We can now create two plots and simply plot the p-values.

Code
compare_plot_one <- ggplot(pvalue_df, aes(x = deseq_padj, y = wilcox_padj)) +
       labs(x = "DESeq2 adjusted p-value", y = "Wilcoxon test adjusted p-value") +
       geom_count() +
       scale_size_area(max_size = 10) +
       theme(text = element_text(size=18))

compare_plot_one
Code
compare_plot_two <- ggplot(pvalue_df, aes(x = deseq_padj, y = maaslin_padj)) +
       labs(x = "DESeq2 adjusted p-value", y = "MaAsLin2 adjusted p-value") +
       geom_count() +
       scale_size_area(max_size = 10) +
       theme(text = element_text(size=18))

compare_plot_two

TASK Could you improve the above plots by applying logarithmic scaling?

Code
compare_plot_two + scale_y_continuous(trans='log10') + scale_x_continuous(trans='log10')
Code
print(paste0("Wilcoxon test p-values under 0.05: ", sum(pvalue_df$wilcox_padj<0.05, na.rm = TRUE), "/", length(pvalue_df$wilcox_padj)))
print(paste0("DESeq2 p-values under 0.05: ", sum(pvalue_df$deseq_padj<0.05, na.rm = TRUE), "/", length(pvalue_df$deseq_padj)))
print(paste0("MaAsLin2 p-values under 0.05: ", sum(pvalue_df$maaslin_padj<0.05, na.rm = TRUE), "/", length(pvalue_df$maaslin_padj)))

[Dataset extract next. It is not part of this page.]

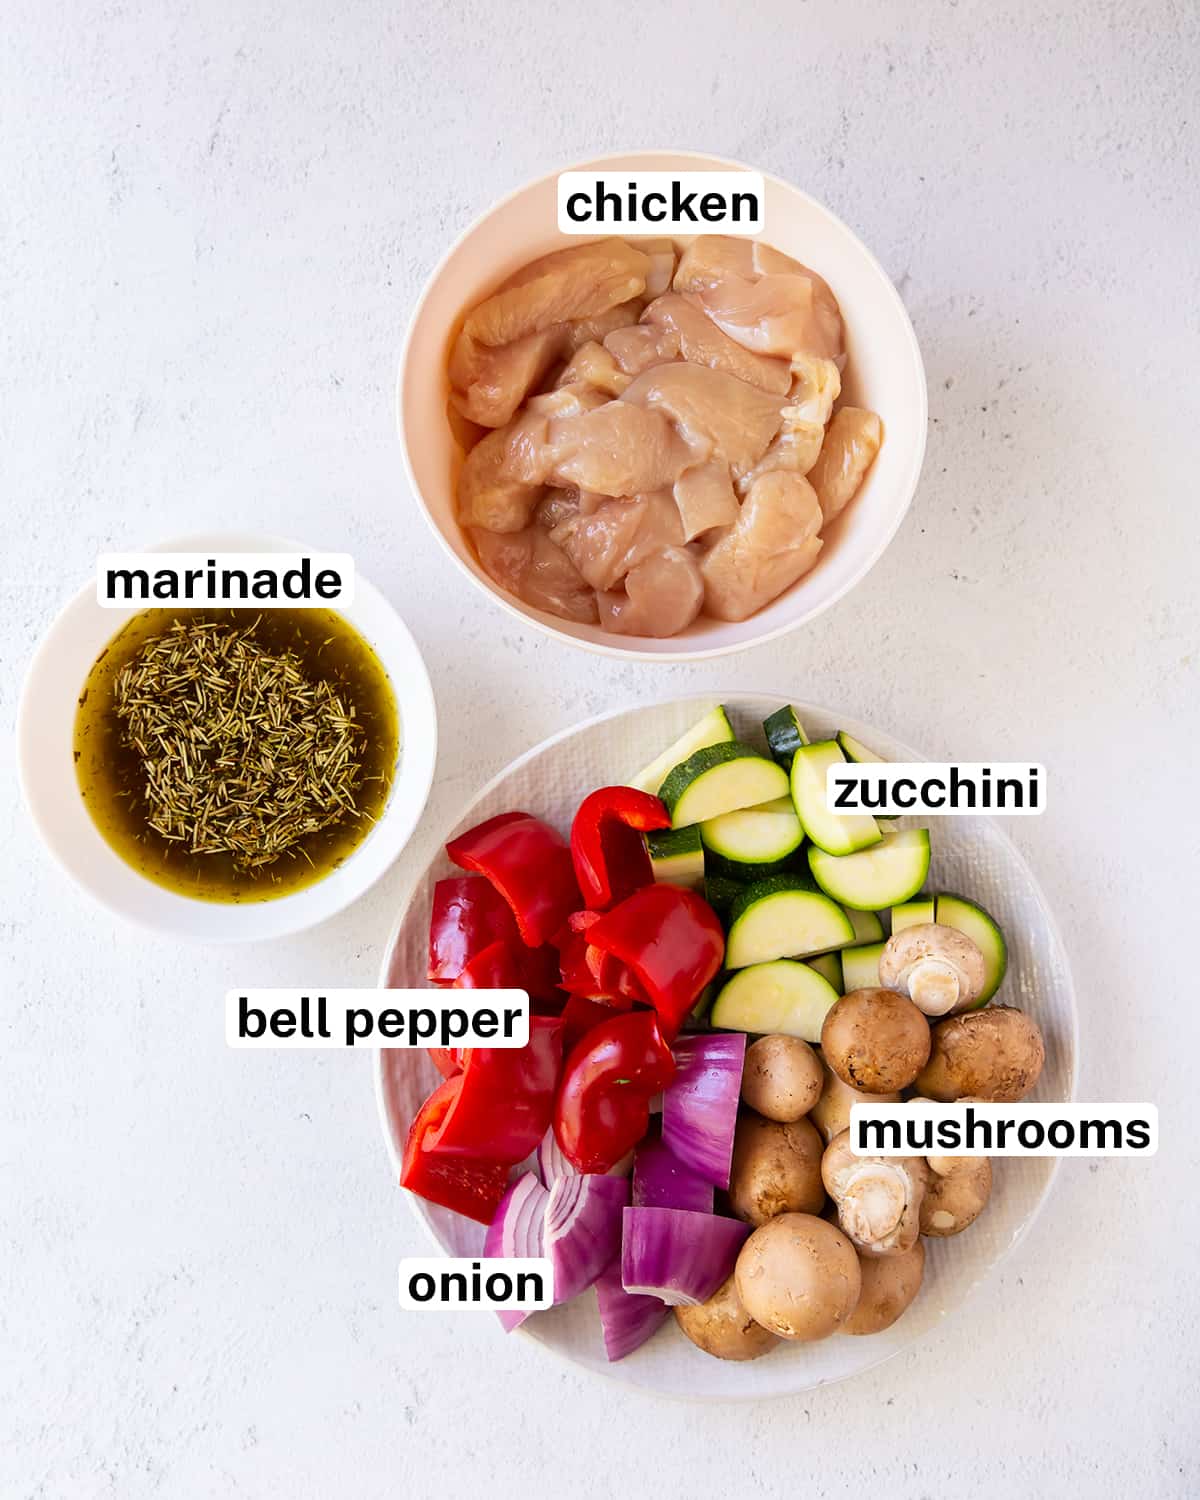 Ingredients including chicken and vegetables with text overlay.

TASK Which method provides the most significant taxa and which tool would you prefer?

TASK for when you have time: Can you perform the Wilcoxon test on the rarefied count data similar as for the CLR transformation?

Code
#rare_members(subset.ps)
wilcox_rare <- ps_filtered %>%
    rarefy_even_depth(rngseed = 123) %>% # Perform rarefication
    otu_table() %>% 
    t() %>% # transpose the otu_table
    as.data.frame() %>%
    mutate(grouping=sample_data(ps_filtered)$country)    %>%
    rownames_to_column("sample_id") %>%
    pivot_longer(cols = c(-sample_id,-grouping), names_to = "taxa", values_to = "abundance") %>%
    group_by(taxa) %>%
    summarize(
        p_value = wilcox.test(abundance[grouping == chosen_countries[1]], abundance[grouping == chosen_countries[2]])$p.value,
        countryone_mean=(mean(abundance[grouping == chosen_countries[1]])),
        countrytwo_mean=(mean(abundance[grouping == chosen_countries[2]]))
    ) %>%
    # Adjust p-values with Bonferroni correction
    mutate(p_adj = p.adjust(p_value, method = "bonferroni"), .before = countryone_mean) %>%
    arrange(p_adj)

wilcox_rare

TASK for when you have time: Can you plot the Wilcoxon test results based on rarefied count data?

Code
options(repr.plot.width = 12, repr.plot.height = 8, repr.plot.res = 100) #Set the plot size

mostsign_rare <- wilcox_clr %>%
                    arrange(p_adj) %>%
                    pull(taxa) %>% # Store the name of most significant taxa
                    .[1] # Take the first value
mostsign_rare

tansf.df %>% 
    select(counts=matches(mostsign_clr), "grouping") %>% #replace mostsign_clr with a taxa you would like to plot
    ggplot(.,aes(x=grouping, y=counts))+
    geom_boxplot()+ #make a simple boxplot
    geom_jitter()+ #add jittered points to the plots
    #stat_compare_means(method = "wilcox.test")+
    theme(text = element_text(size=28))+
    ylab(paste0("Abundance of ", mostsign_clr )) +
    xlab(element_blank())

What difference can you observe between the different statistical results based on the rarefied and CLR transformed data?